- _SOURCE DATA_

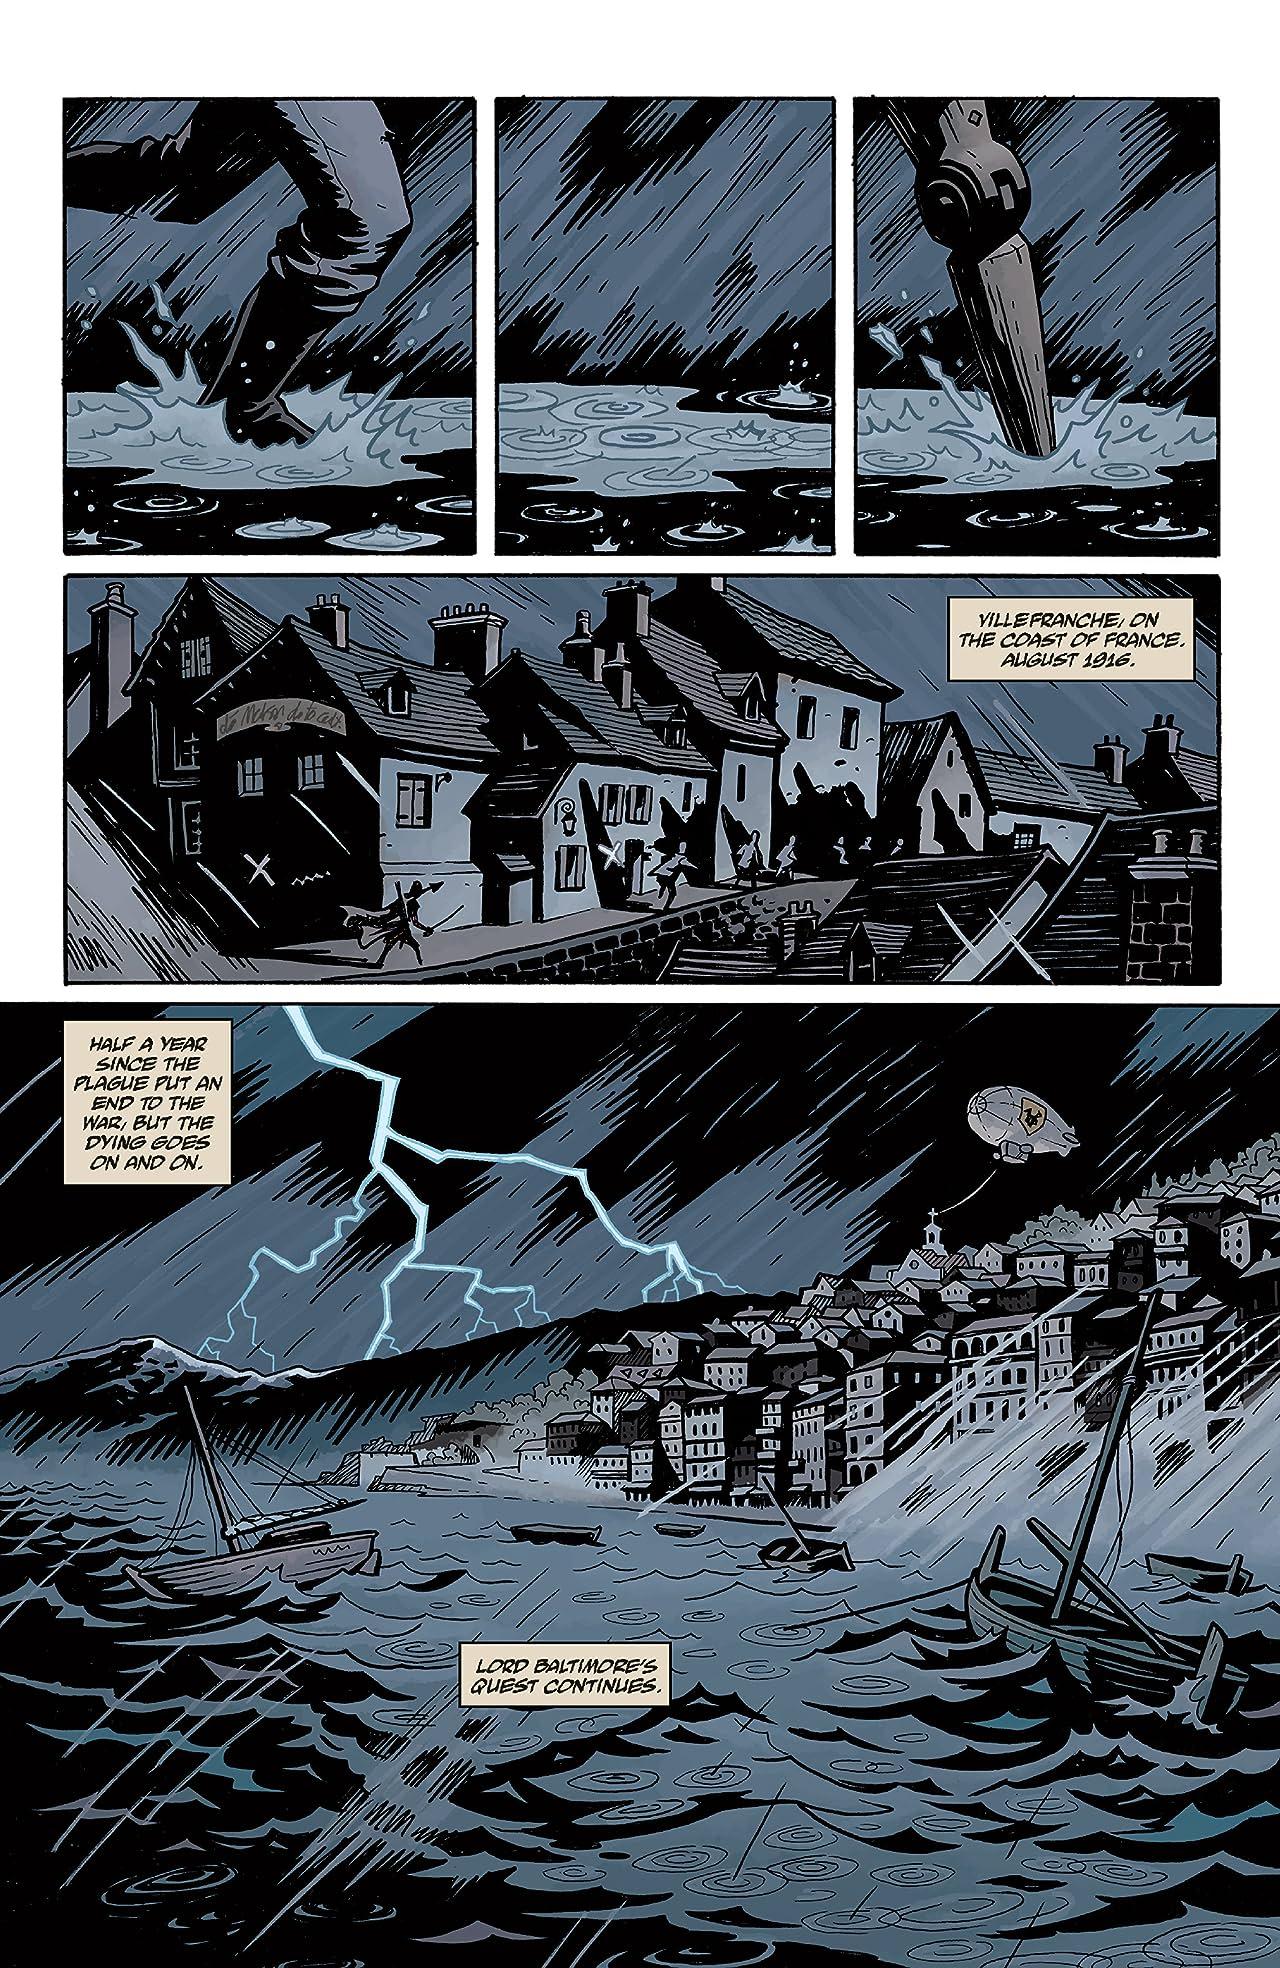 Baltimore: The Plague Ships #1
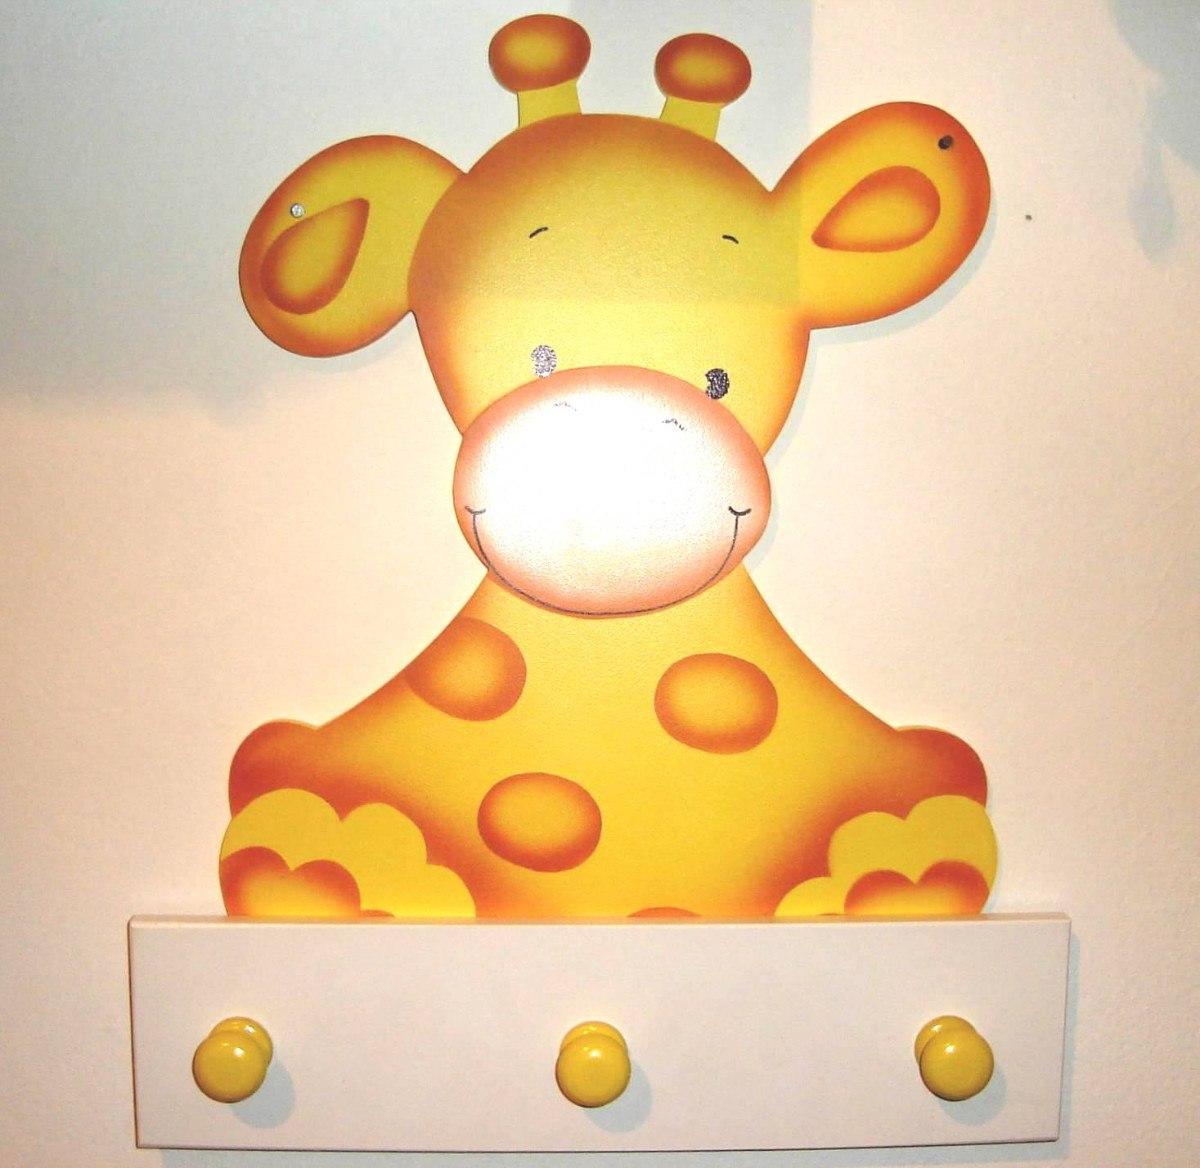 Imagenes de lenceria para bebes imagui - Dibujos para paredes de bebes ...
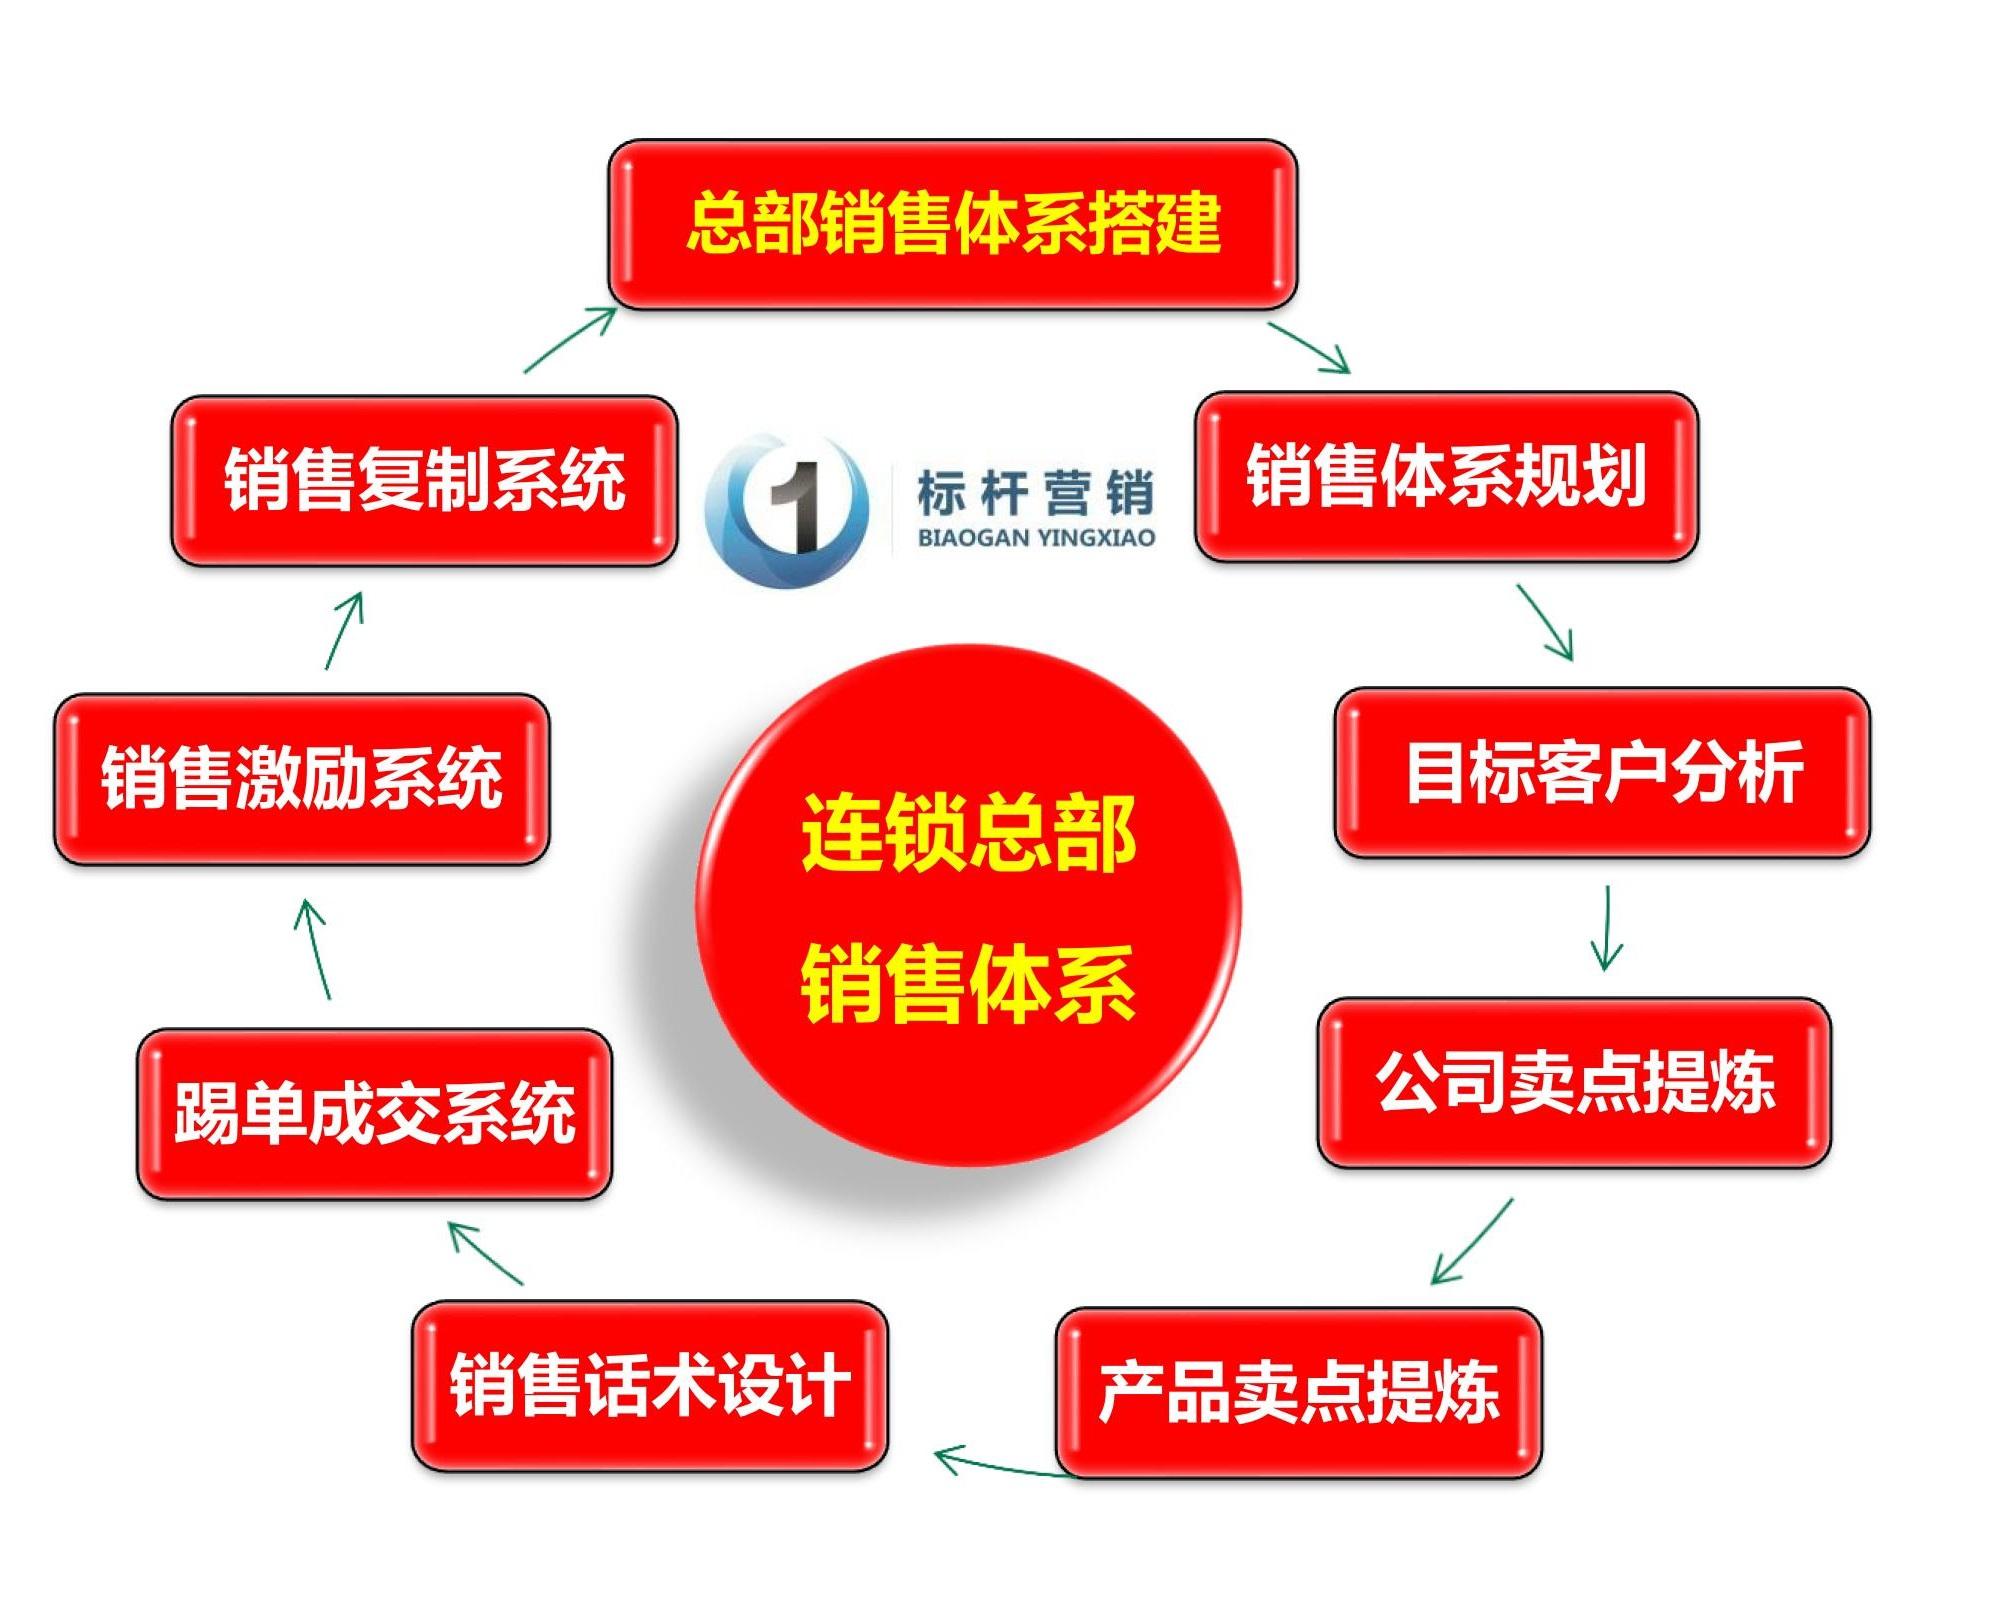 连锁总部销售体系:一套完整的销售流程复制体系方法

- _EXERCISE_
Copy all of the data word for word, and keep the pictures out of it.

- _RESPONSE AREA_
 Baltimore: The Plague Ships #1
 Imagenes de lenceria para bebes imagui - Dibujos para paredes de bebes ...
 连锁总部销售体系:一套完整的销售流程复制体系方法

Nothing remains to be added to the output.